Wie um das zu illustrieren, kam eine Handvoll Volkswehr in unordentlichem Rückzug vorbei; sie riefen, die Preußen stünden auf beiden Flanken, die Gräben wären nichts als eine Falle.

»Was ist mit Dortu?« flüsterte Lenz Becker zu. »Und mit den anderen, die man in diesen Angriff gehetzt hat? Sie werden doch abgeschnitten, wenn sie’s nicht schon sind!«

Mieroslawski galoppierte nach Rastatt zurück, mit seinem Gefolge im Schlepptau. Beckers Gesicht bestand aus lauter dunklen, von dem borstigen Backenbart eingerahmten Falten. »Soll ich versuchen durchzubrechen?« schlug Lenz vor.

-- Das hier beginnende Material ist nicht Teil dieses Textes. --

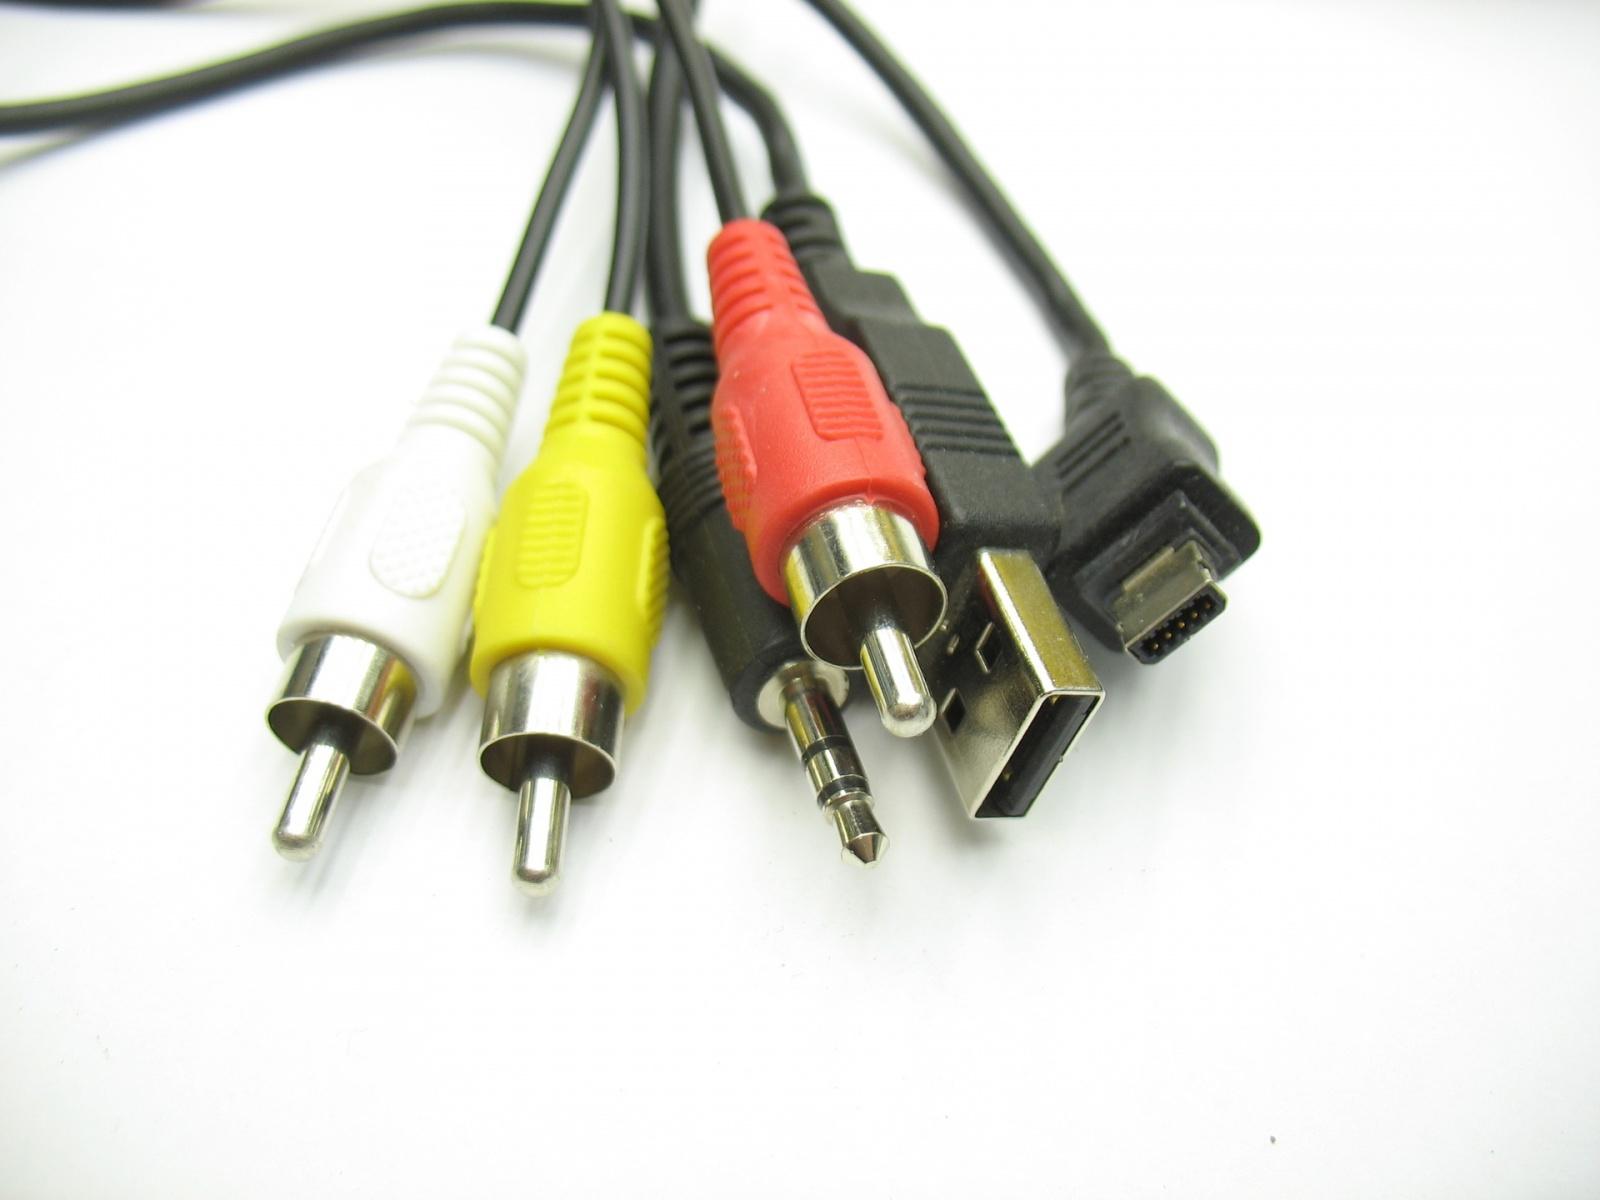 Руководство по материалам электротехники для всех. Часть 2 - 5

Becker schüttelte den Kopf. »Das machen wir schon.«

Lenz bemerkte, dass die Meldereiter ihr Würfelspiel abbrachen und sich eilig zu ihren Pferden begaben.

»Um Ihnen die Wahrheit zu sagen«, ließ sich Becker vernehmen, »es ist nicht einmal unser Abschnitt, der mir die größten Sorgen macht.«

Die Bretterhütte wurde in aller Hast geräumt; ein Volkswehrmann warf alle möglichen Papiere in ein kleines Feuer, das mehr Rauch als Flammen entwickelte.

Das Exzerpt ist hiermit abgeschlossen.